The high watermark is incremented to point to the logical offset of the
latest message that has been copied to all the replicas in the ISR. Once
the high watermark includes a certain message, it is considered
"committed". So it is not configurable.
On Tue, Sep 10, 2013 at 8:26 AM, Yu, Libo <[EMAIL PROTECTED]> wrote:
> In a stress test, 100K 1Mb messages (100Gb in size) are published (our
> bandwidth is limited).
> As our retention size is 3G which is smaller than the required default
> minimum retention size
> (4G), we noticed 20K messages were missing. After increasing
> "num.replica.fetchers" to 2,
> no more message loss.
> So how much messages in one high watermark? And is it configurable? I went
> the broker configuration page and found nothing.
> -----Original Message-----
> From: Jun Rao [mailto:[EMAIL PROTECTED]]
> Sent: Tuesday, September 10, 2013 11:00 AM
> To: [EMAIL PROTECTED]
> Subject: Re: implicit default minimum retention size per partition is 4GB.

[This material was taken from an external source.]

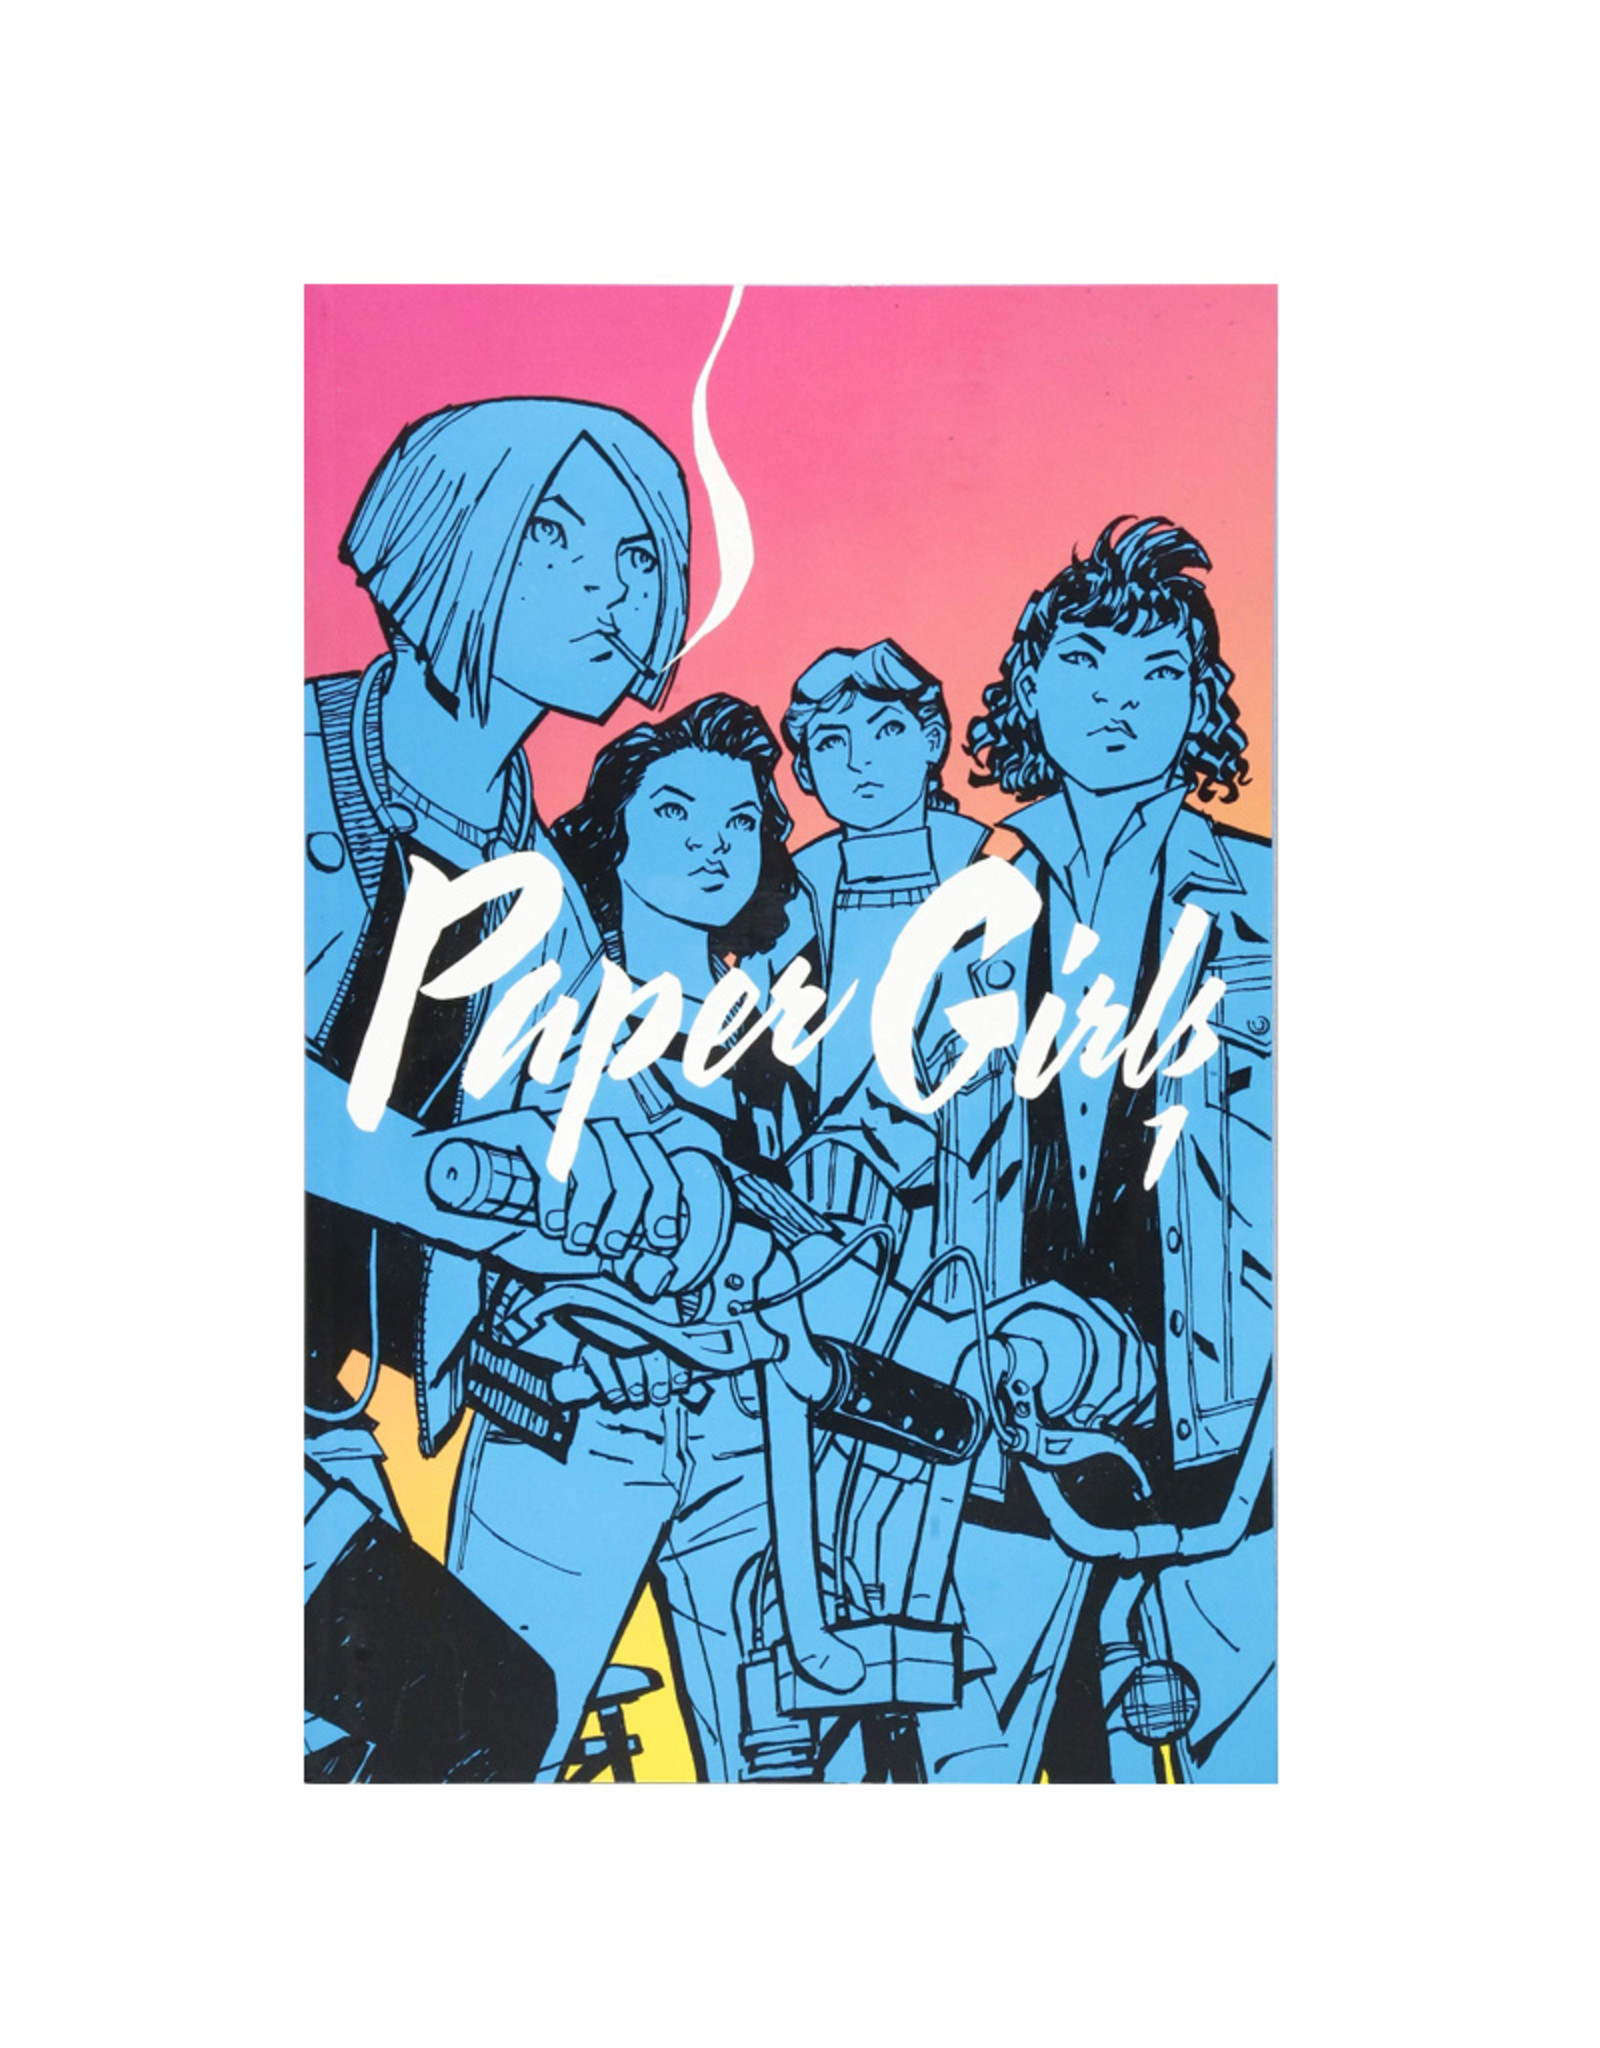 Image Comics Paper Girls TP Volume 01

> Monitoring the lag in bytes makes sense. The only difficulty is currently,
> the high watermark in the leader is represented in logical message offset,
> not the byte offset. For now, you will have to do the bytes to messages
> translation yourself.
> As for setting replica.lag.max.messages, you can observe the max lag in
> the follower and set replica.lag.max.messages to be a bit larger than that.
> I am curious to know the observed max lag in your use case.
> On Tue, Sep 10, 2013 at 6:46 AM, Yu, Libo <[EMAIL PROTECTED]> wrote:
> > Hi team,
> > For default broker configuration, replica.lag.max.messages is 4000 and
> > message.max.bytes is 1Mb.
> > In the extreme case, the follower(s) could lag by 4000 messages. The
> > leader must save at least
> > 4000 messages to allow follower(s) to catch up. So the minimum
> > retention size is 4000Mb=4Gb.
> > It is better to add this to the documentation.
> > In our case, message.max.bytes is much larger than 1Mb and
> > replica.lag.max.messages is larger than 4000. This implicit minimum
> > retention size is hundreds of Gb and we have hundreds of partitions on
> > each broker. We feel we have to use a disk array to run Kafka.
> > Because the topics have different maximum message size, it makes more
> > sense to use the size gap between the leader and follower(s), e.g.,
> > say the follower(s) can only lag behind the leader by 2Gb.
> > This makes it easier to control the behavior the brokers and save disk
> > space.
> > Regards,
> > Libo